Judgments in some types of cases are excluded from the Convention, such as family law, insolvency, wills and estates, defamation, intellectual property, some maritime law cases, and the carriage of passengers and goods.  Nor does the Convention apply to judgments in tax or customs matters or law enforcement.  However, the mere fact a government is a party to the proceeding does not by itself exclude the case from the reach of the Convention.    


Overall, the Convention will substantially improve international cooperation in legal matters, and substantially improve the efficacy of court judgments. 

However, the Convention unfortunately will probably not remedy the problems of excessive delays or bureaucratic requirements for enforcement proceedings seen in some countries (e.g. Mexico, India).  Although the Convention says the court in the Requested State “shall act expeditiously”, the Convention does not attempt to streamline procedures. It allows each country to follow its own procedures for enforcement.

The Convention provides welcome protection to consumers who are judgment debtors in consumer contract cases and to employees who are judgment debtors in employment contract cases.  Contracts of adhesion often contain forum selection clauses that are unfavourable to the consumer or employee.  See for example the clause for Uber drivers in Heller v Uber 2019 ONCA 1. The court in the State of Origin does not have jurisdiction, for the purpose of enforcement, based on the consumer’s or employee’s consent to the court’s jurisdiction unless that consent was addressed to the court, i.e. not given merely by way of a forum selection clause. 

The Convention does not clearly indicate whether judgments for injunctions or other monetary relief are enforceable.   The Convention’s definition of judgment (Art. 3) does not address the type of remedy, other than to exclude interim measures of protection.   Article 7 sets out six permissible grounds for refusing to enforce a judgment;  the fact  a judgment imposes a non-monetary the remedy is not among them.  Article 10 permits a State to refuse to enforce a judgment if it imposes a certain kind of remedy, namely damages such as punitive damages that do not compensate for actual loss or harm.  That article too is silent about non-monetary remedies.    I would conclude the Convention applies to non-monetary judgments.   
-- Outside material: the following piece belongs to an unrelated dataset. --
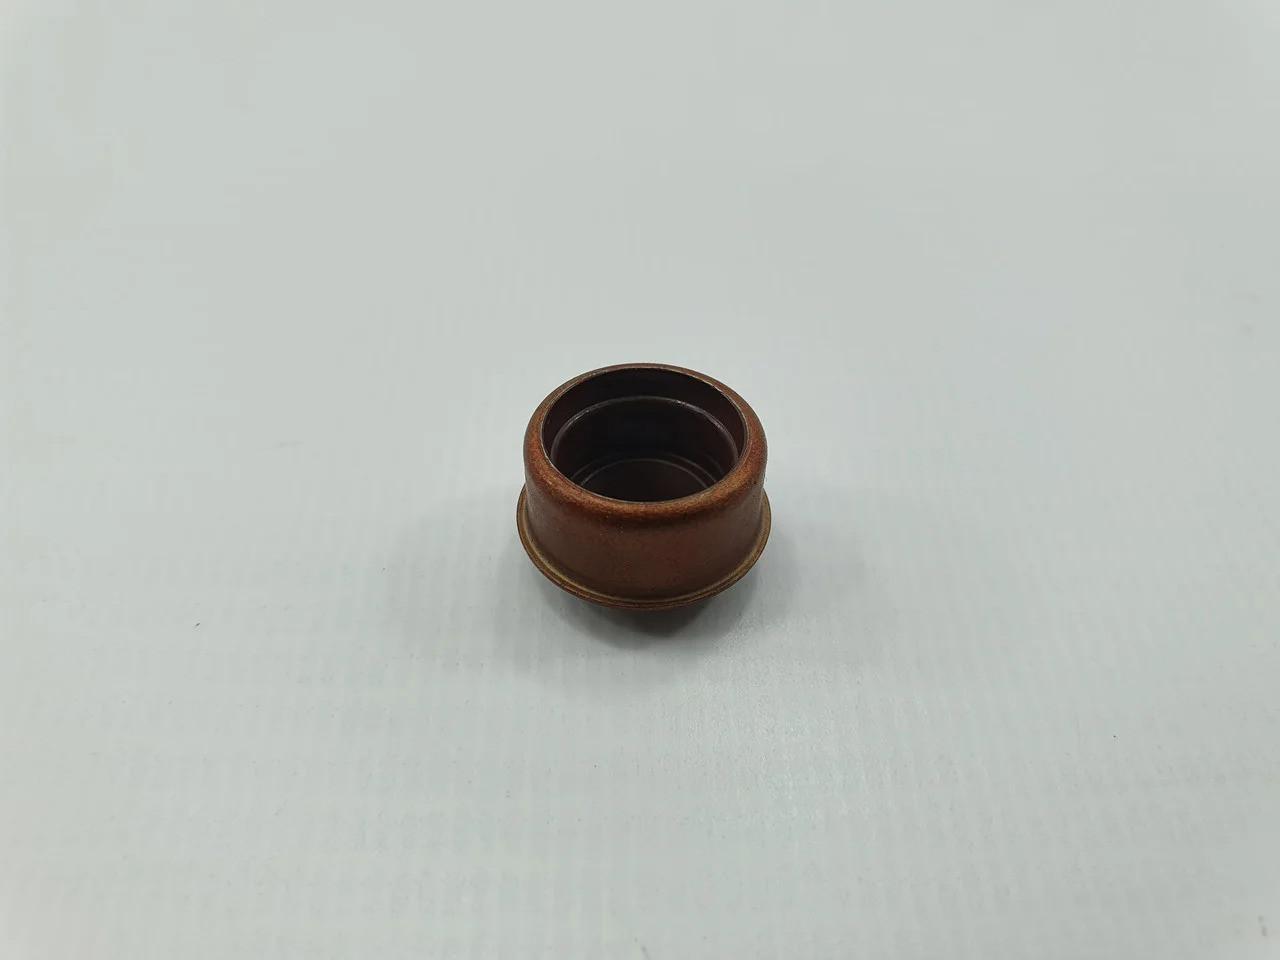 Сальник клапана Ланос 1.5 GROG Корея

However, even if the Convention does not exclude such judgments, and even if it implicitly allows enforcement, the Convention does not provide much help in enforcing them.  Judgments in many of the main areas of law where such remedies are given are excluded from the Convention, for example family law (orders for access), defamation (injunctions to not publish defamatory material), anti-trust (injunctions restraining anti-competitive tactics) and intellectual property (injunctions to prevent or stop infringement).

All in all, the Convention advances international cooperation and sets a clear path toward for the wide-spread international enforcement of judgments and thus better access to justice.   Congratulations to the Hague Conference!

Friday, 28 June 2019

Legal Test for Risk of Unfairness in Foreign Court Systems Evolves

     Recent news reports about the fierce resistance in Hong Kong to a proposal to allow extradition to the People’s Republic of China, and about the imprisonment of dissidents in Saudi Arabia,  remind us that some foreign countries have judiciaries that often fail to deliver justice, due to bias or corruption, and that Canadians have a legitimate concern about being subjected to them.   

     This concern can arise where a defendant asks the Canadian court to decline jurisdiction in favour of a foreign court based on forum non conveniens, or where a judgment creditor asks a Canadian court to enforce a foreign judgment.   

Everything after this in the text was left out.